The name(s) of the column(s) that will act as the fixed_effects (factor/independent variable) for modelling mutation frequency.

test_interaction

a logical value. Whether or not your model should include the interaction between the fixed_effects.

random_effects

The name of the column(s) to be analysed as a random effect in the model. Providing this effect will cause the function to fit a generalized linear mixed-effects model.

reference_level

Refers to one of the levels within each of your fixed_effects. The coefficient for the reference level will represent the baseline effect. The coefficients of the other levels will be interpreted in relation to the reference_level as deviations from the baseline effect.

muts

The column containing the mutation count per sample.

total_count

The column containing the sequencing depth per sample.

contrasts

a data frame or a filepath to a file that will provide the information necessary to make pairwise comparisons between groups. The table must consist of two columns. The first column will be a group within your fixed_effects and the second column must be the group that it will be compared to. The values must correspond to entries in your mf_data column for each fixed effect. Put the group that you expect to have the higher mutation frequency in the 1st column and the group that you expect to have a lower mutation frequency in the second column. For multiple fixed effects, separate the levels of each fixed_effect of a group with a colon. Ensure that all fixed_effects are represented in each entry for the table. See details for examples.

cont_sep

The delimiter for importing the contrast table file. Default is tab-delimited.

...

Extra arguments for glm or glmer. The glmer function is used when a random_effect is supplied, otherwise, the model uses the glm function.

Value

Model results are output as a list. Included are:

  • model_data: the supplied mf_data with added column for the Pearson's residuals of the model.

  • summary: the summary of the model.

  • anova: the analysis of variance for models with two or more effects. Anova(model)

  • residuals_histogram: the Pearson's residuals plotted as a histogram. This is used to check whether the variance is normally distributed. A symmetric bell-shaped histogram, evenly distributed around zero indicates that the normality assumption is likely to be true.

  • residuals_qq_plot: the Pearson's residuals plotted in a quantile-quantile plot. For a normal distribution, we expect points to roughly follow the y=x line.
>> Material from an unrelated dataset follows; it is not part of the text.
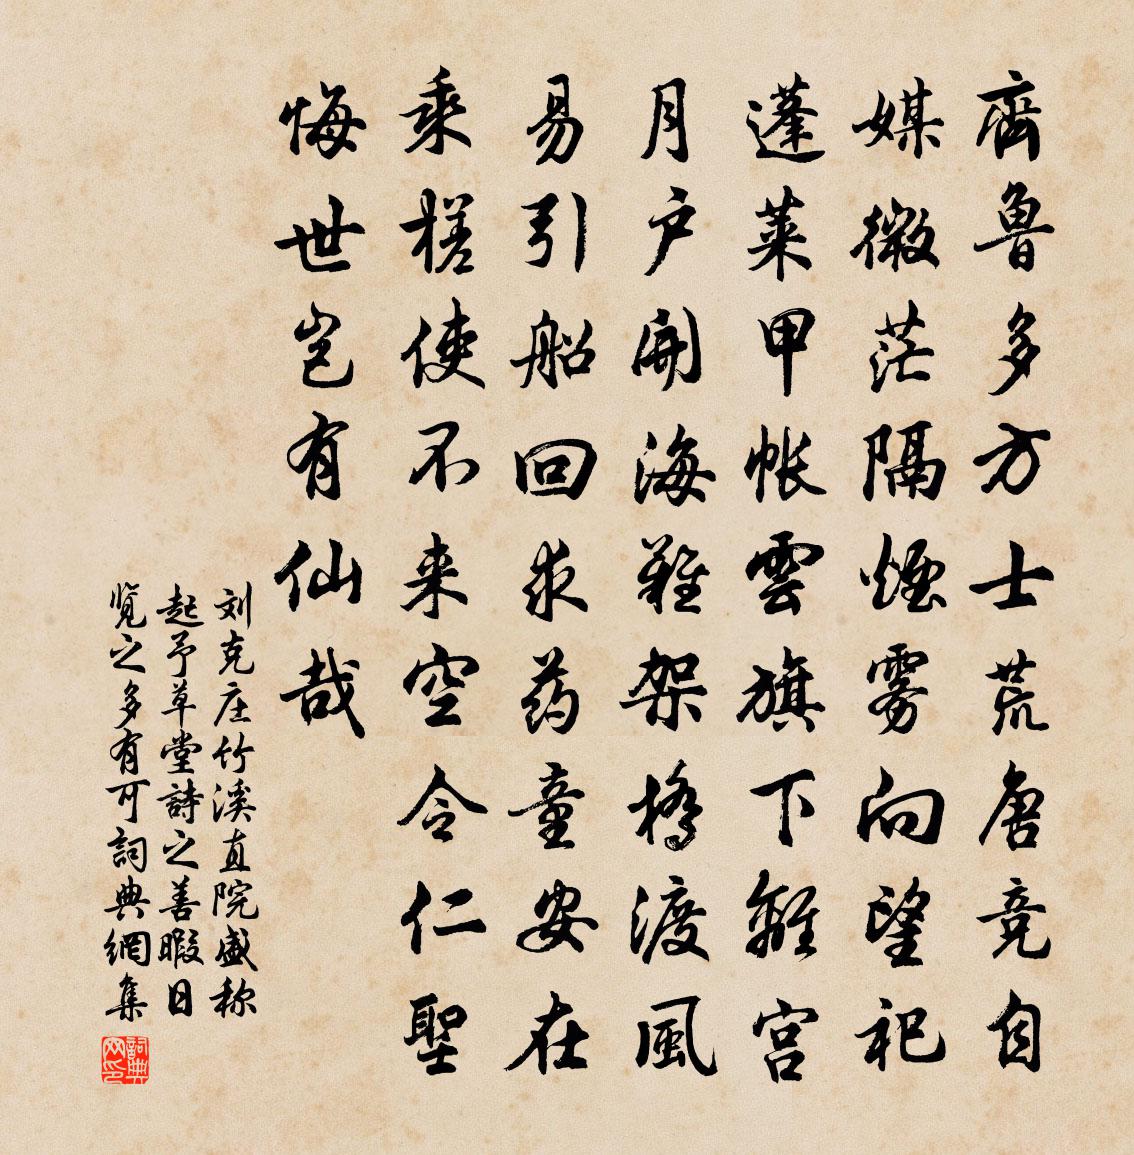 刘克庄竹溪直院盛称起予草堂诗之善暇日览之多有可书法作品欣赏

  • point_estimates_matrix: the contrast matrix used to generate point-estimates for the fixed effects.

  • point_estimates: the point estimates for the fixed effects.

  • pairwise_comparisons_matrix: the contrast matrix used to conduct the pairwise comparisons specified in the contrasts.

  • pairwise_comparisons: the results of pairwise comparisons specified in the contrasts.

Details

fixed_effects are variables that have a direct and constant effect on the dependent variable (ie mutation frequency).They are typically the experimental factors or covariates of interest for their impact on the dependent variable. One or more fixed_effect may be provided. If you are providing more than one fixed effect, avoid using correlated variables; each fixed effect must independently predict the dependent variable. Ex. fixed_effects = c("dose", "genomic_target", "tissue", "age", etc).

Interaction terms enable you to examine whether the relationship between the dependent and independent variable changes based on the value of another independent variable. In other words, if an interaction is significant, then the relationship between the fixed effects is not constant across all levels of each variable. Ex. Consider investigating the effect of dose group and tissue on mutation frequency. An interaction between dose and tissue would capture whether the dose response differs between tissues.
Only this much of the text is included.